Kenya Power Abandons Plan to Raise Tariffs By 20% Amidst Growing Economic Pain in Kenya

Kenya Power, the sole distributor of electricity in Kenya, has shelved plans to increase tariffs by 20%. The move would have seen a sharp increase in energy bills for Kenyan consumers in the coming months. Instead, the state-owned company will now focus on developing new strategies to lower the cost of electricity in the country.
The company is also expected to ramp up efforts in dealing with increased power theft and recovery of unpaid bills. Kenya Power had sought permission from Kenya’s Energy and Petroleum Regulatory Authority (EPRA) to increase tariffs in 2019. The EPRA is a regulatory agency that was created to standardize the cost of energy in Kenya.
The utility company had in fact been pushing for the 20% increase since 2018. But it seems all these efforts will amount to nothing. In a statement issued by Kenya’s Ministry of Energy, Kenya Power will also initiate internal cost-cutting measures, including reducing wastages at the company and dealing with financial misappropriation.
High Cost of Living in Kenya
The news also comes as the Kenyan government continues to deal with a massive public uproar over the increase in fuel prices last week.
New fuel prices announced by the Energy and Petroleum Regulatory Authority (EPRA) saw a jump of up to 6% in petrol prices. The EPRA also increased prices for kerosene, an essential fuel source for poor households in the country.
But the public outcry has put enough pressure on Kenyan leaders to act. An emergency session of parliament and the Senate is set to convene in Nairobi this week to debate and possibly repeal petroleum taxes that have been blamed for the price hikes.
Kenya’s Growing Economic Pain
Kenya continues to suffer from the economic disruptions of the COVID 19 pandemic. The economy is slowly edging out of its recession while most businesses in the country continue to underperform.

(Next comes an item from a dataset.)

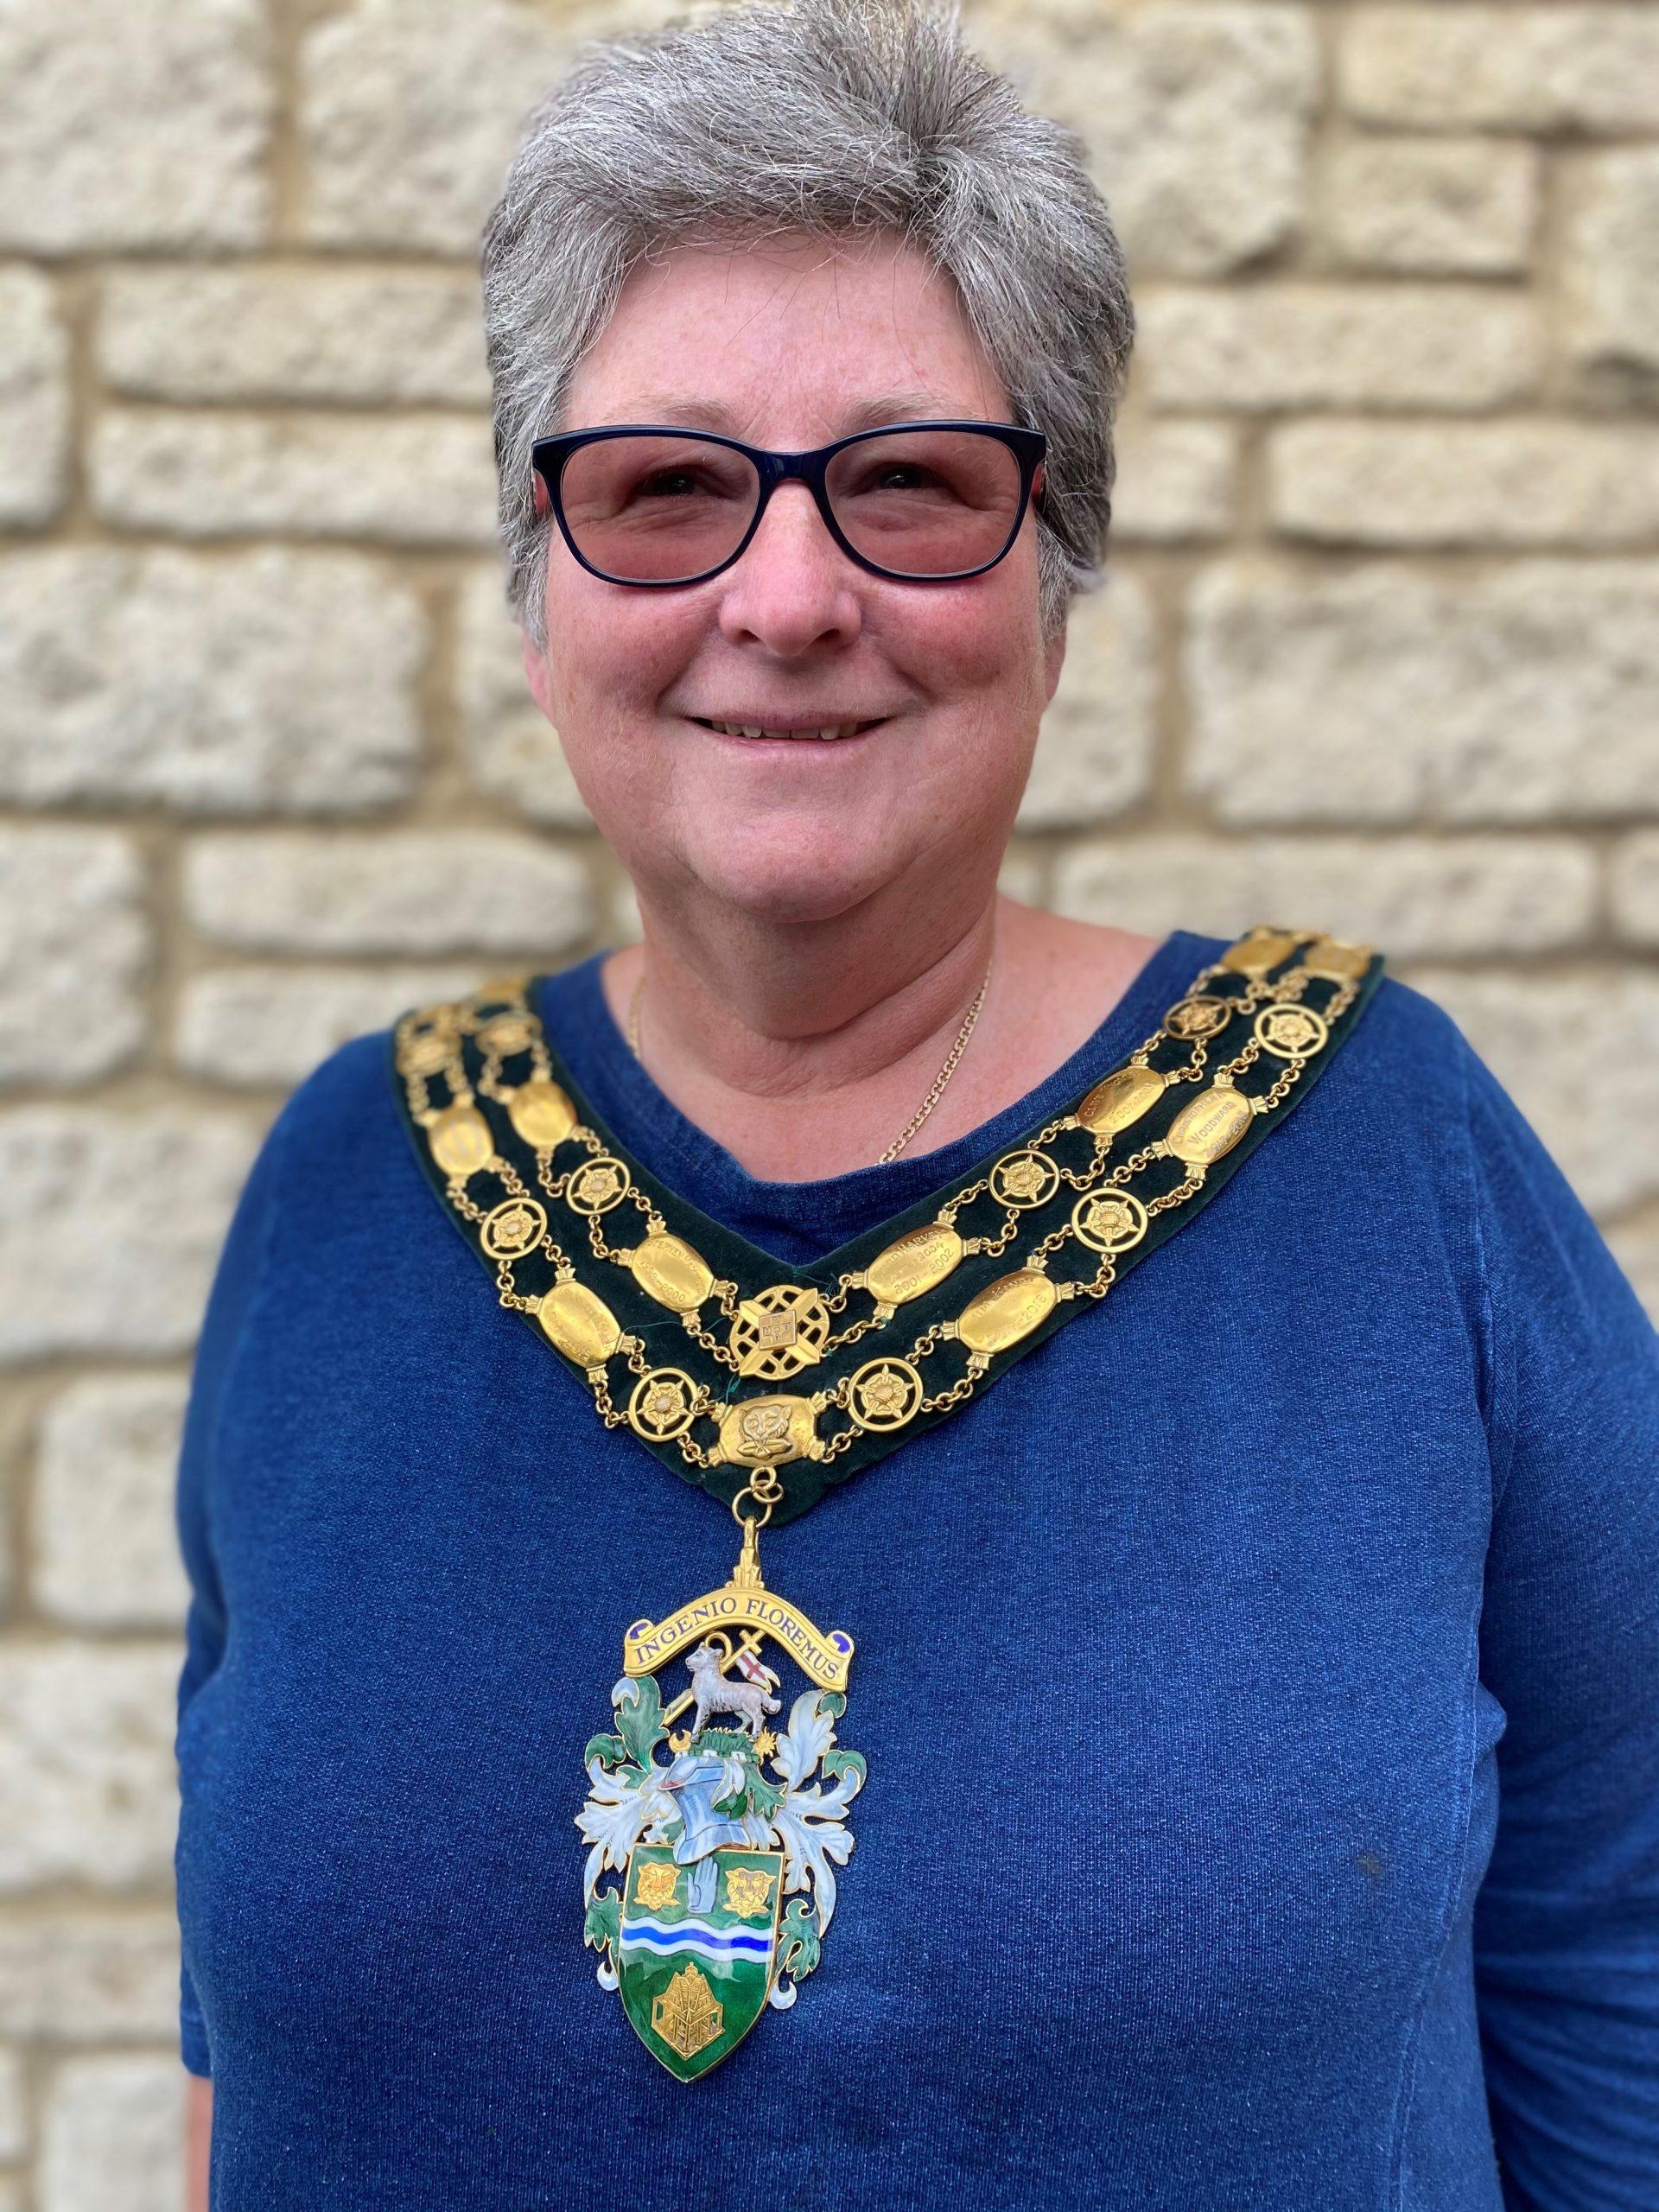 Mayor Councillor Joy Aitman

A government-led stimulus has also remained elusive. The Uhuru Kenyatta-led administration continues to grapple with a huge public debt and increased calls for fiscal tightening.
Under such tough economic conditions, any move to increase the cost of living will be met with instant public resistance.
What Next for Kenya Power?
Kenya Power did not mention the cost of living in justifying its decision to withdraw the proposed 20% increase in tariffs. But it is clear that the company has read the mood in the country.
The state-owned utility company has had to endure tough times in the last few months. In 2020, the company reported its first yearly loss in 17 years. This trend is expected to continue as demand for power in Kenya drops.
Kenya Power is also servicing a debt of up KES 120 billion, roughly $1.2 Billion. The company needs money but as long as current economic conditions hold, it will be difficult to make it through increasing power costs.
Besides, Kenya is heading to a general election next year. With the high cost of living already a huge campaign issue, it’s very unlikely the utility company will revisit the matter anytime soon.